Secreted Wnt antagonists play important roles in regulating Wnt/β-catenin signaling [13], of which, dickkopf-1 (DKK-1), a prototypical member of a secreted protein family is a known potent antagonist of Wnt/β-catenin signaling [14]. DKK-1 acts as an inhibitory ligand of the Low-Density Lipoprotein (LDL) receptor-related protein 5/6 co-receptors. It blocks their interaction with Wnt, thus, causing in β-catenin degradation [15].

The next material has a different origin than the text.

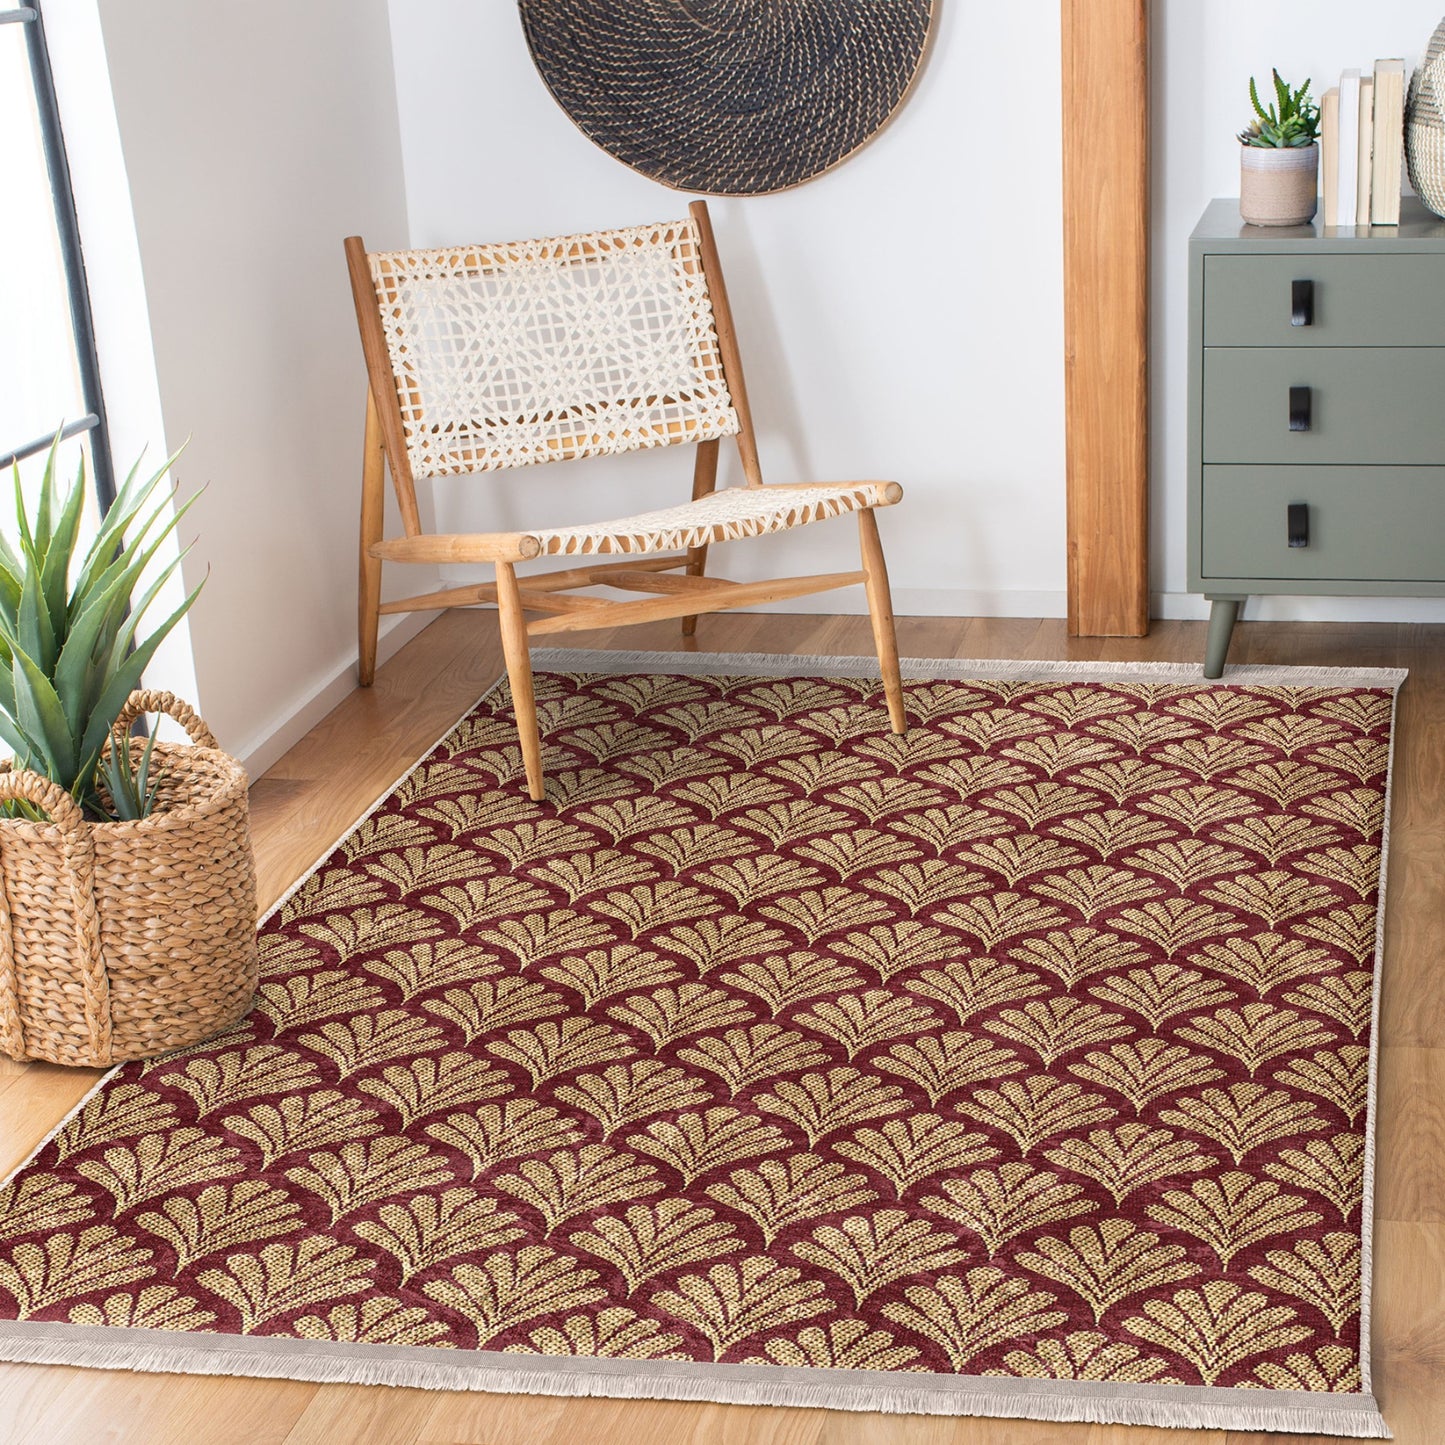 High-Quality Leaf Pattern and Gold Motif Rug for Exquisite Decor
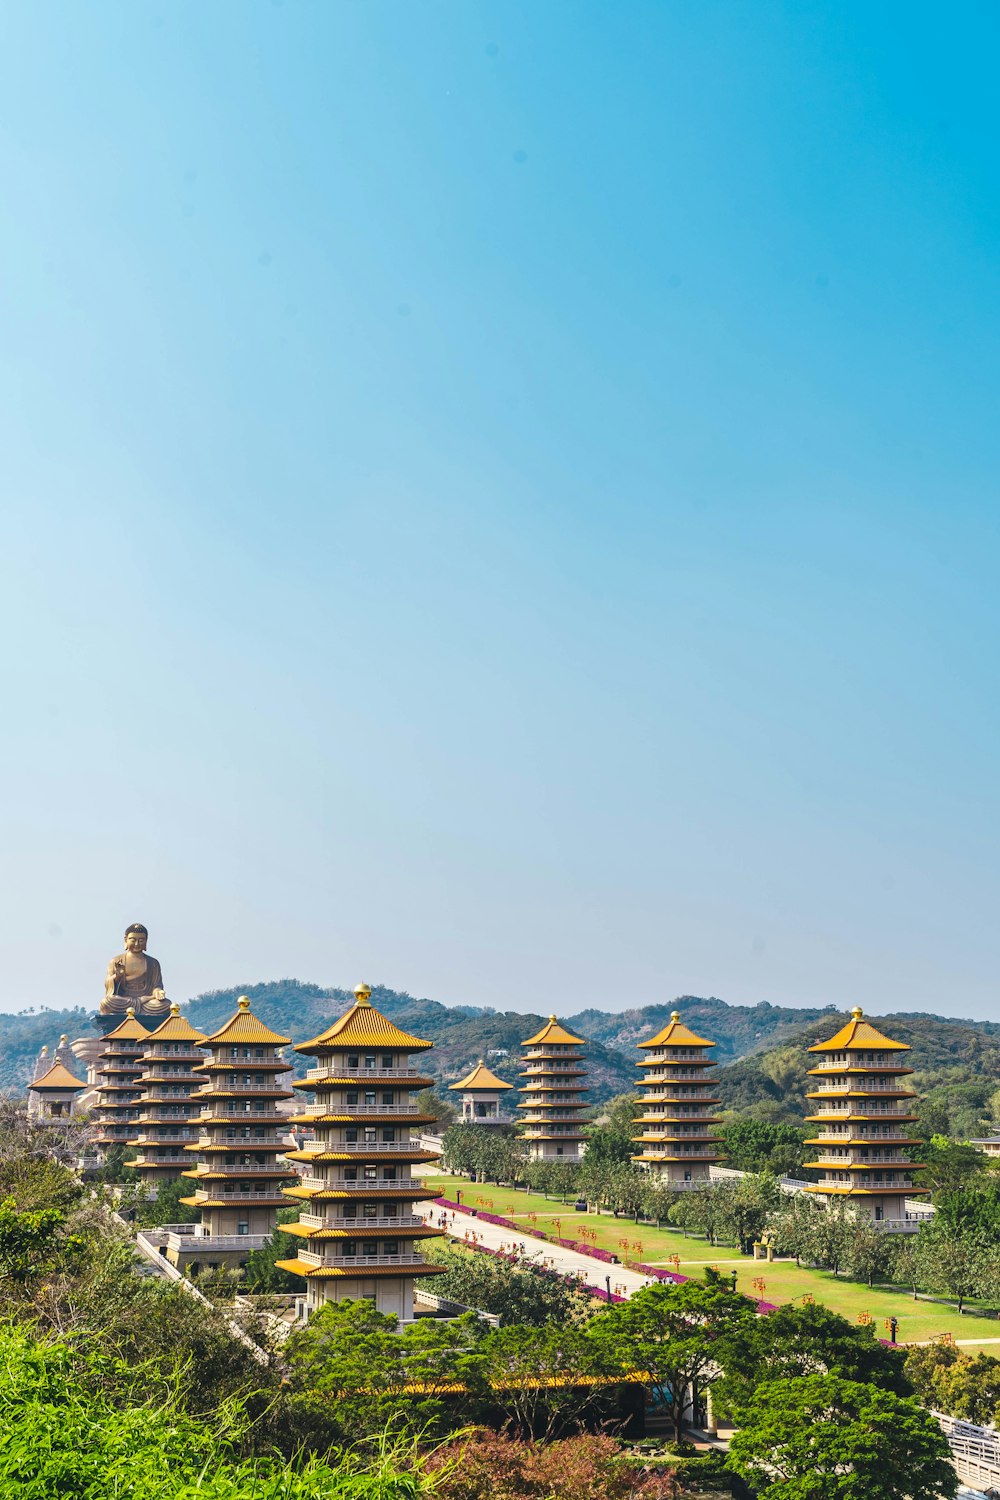 a row of pagodas on a hill with a blue sky in the background

DKK-1 is down-regulated in human colon tumours; hence, it may act as a tumour suppressor. High DKK-1 expression indicated favourable responses to chemotherapy in brain tumours [16] whereas; over-expression of DKK-1 was found in human hepatoblastomas, Wilms’ tumours and multiple myelomas [17].
So, DKK-1 was recently reported as a promising biomarker for HCC, even in AFP-negative patients, and a combination of AFP and DKK-1 measurement showed an improved diagnostic accuracy among HBV infected patients [10].
Materials and Methods
This cross-sectional study was carried out in the tropical medicine department inpatient and outpatient clinic, Tanta University Hospital, Egypt in the period from April 2015 to April 2016 and included 50 patients with HCC and 10 healthy subjects as control. Informed written consents were obtained from all participants and the study was approved by the Local Ethics Committee of Tanta Faculty of Medicine, Tanta, Egypt.
All patients presented to our department during this period, meeting the inclusion criteria, were included in the study.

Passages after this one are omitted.